We did some conditioning work for the next hour and fifteen minutes. Then, we entered the weight room, where he would do a multitude of strength training exercises for the next 45 minutes. After that, we parted ways. He went back to the practice floor to shoot. I went back to the hotel and crashed. Wow.
I was expected to be at the floor again at about 11:00 AM.
I woke up feeling sleepy, drowsy, and pretty much every side effect of sleep deprivation. (Thanks, Kobe.) I had a bagel and headed to the practice facility.
This next part I remember very vividly. All of the Team USA players were there. LeBron was talking to Carmelo and Coach Krzyzewski was trying to explain something to Kevin Durant. On the right side of the practice facility Kobe was by himself shooting jumpers.
I went over to him, patted him on the back and said, “Good work this morning.”
“Like, the conditioning. Good work.”
“Oh. Yeah, thanks Rob. I really appreciate it.”
“So when did you finish?”
“Getting your shots up. What time did you leave the facility?”
“Oh, just now. I wanted 800 makes. So yeah, just now.”
For those of you keeping track at home, Kobe Bryant started his conditioning work around 4:30 am, continued to run and sprint until 6:00 am, lifted weights from 6:00 am to 7:00 am, and finally proceeded to make 800 jump shots between 7:00 am and 11:00 am.
Oh yeah, and then Team USA had practice.
That, gentlemen, is a man pursuing a dream. A man committed to developing his skills. A man committed to his craft. I’m not a celebrity fanboy. I bristle at people who are celebrated merely for “being famous”.
And there’s plenty of truth to the idea that professional athletes are coddled and spoiled. They make a ton of money to play a game.
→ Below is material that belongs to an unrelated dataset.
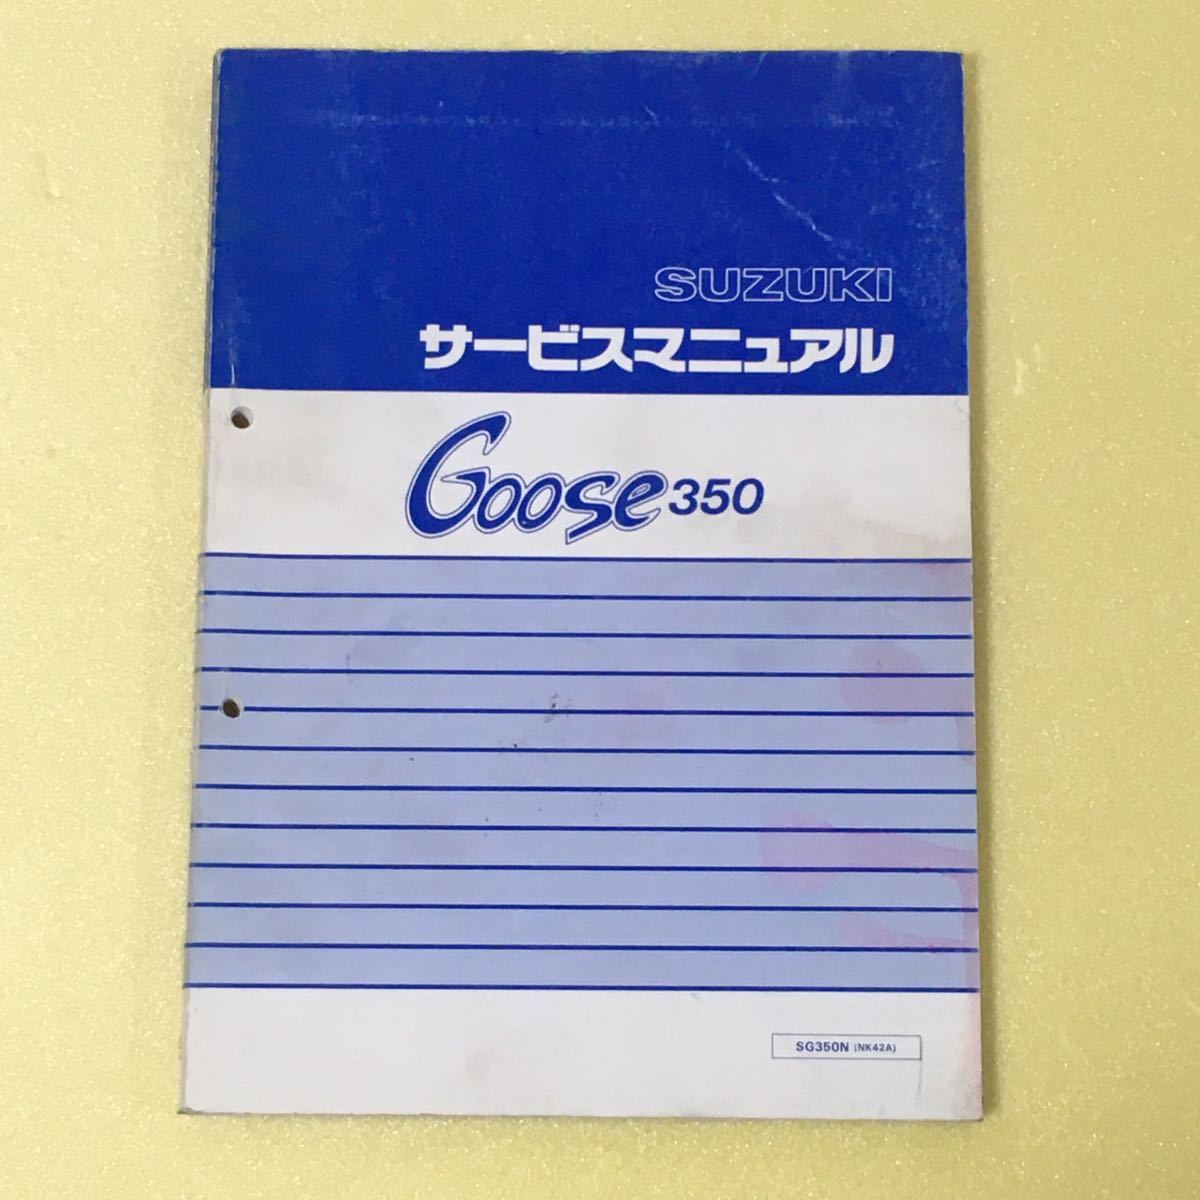 グース350 Goose350 サービスマニュアル NK42A スズキ 整備書 修理書 解説書
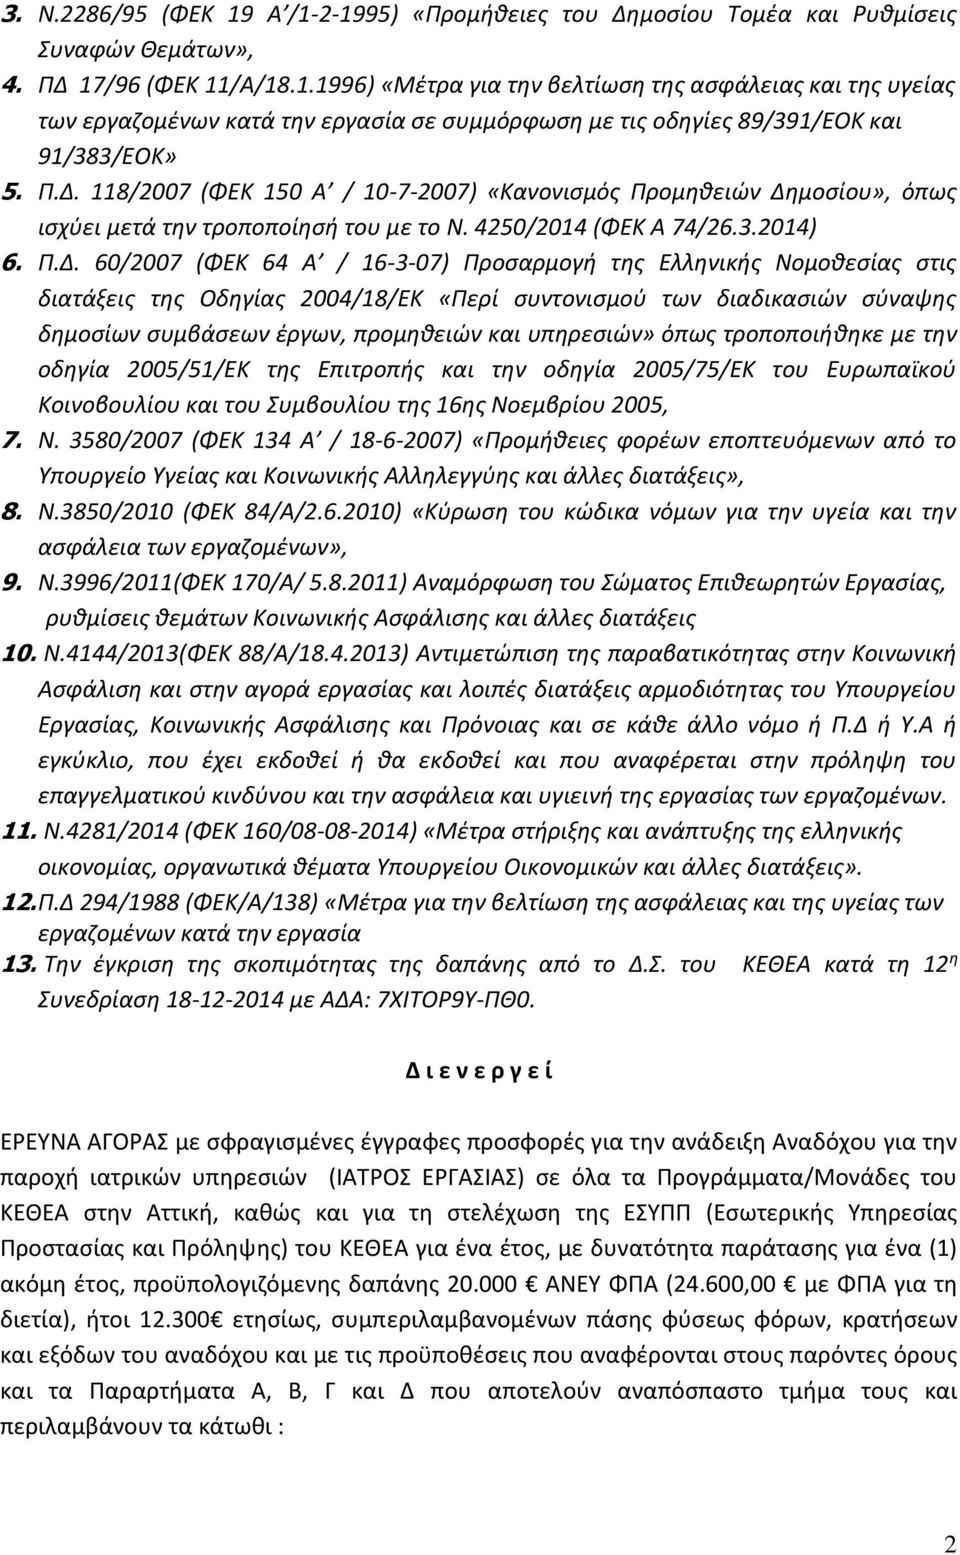 της Ελληνικής Νομοθεσίας στις διατάξεις της Οδηγίας 2004/18/ΕΚ «Περί συντονισμού των διαδικασιών σύναψης δημοσίων συμβάσεων έργων, προμηθειών και υπηρεσιών» όπως τροποποιήθηκε με την οδηγία

But we have no choice but to respect Kobe Bryant. He pushed his body and his mind to the limit in pursuit of excellence. That is the man’s life.
He Died Being a Dad
The redeeming part about his death is this: Kobe died being a dad. He had a daughter who loved basketball. And he was right there with her, taking her and a teammate to the game. Just like a dad does. Just like I do all the time. Just like many of you do. He didn’t die jet-setting around the world getting endorsement money (which would have been fine). He wasn’t off on a flamboyant and extravagant vacation (which would have been fine as well). He was taking his daughter to her basketball game.
Life can be tragic. It can turn in an instant. Death can knock at any moment, either for us or those we love. When death came for Kobe Bryant, it found him doing his duty. May the same be said of us. This is the man’s life. Godspeed.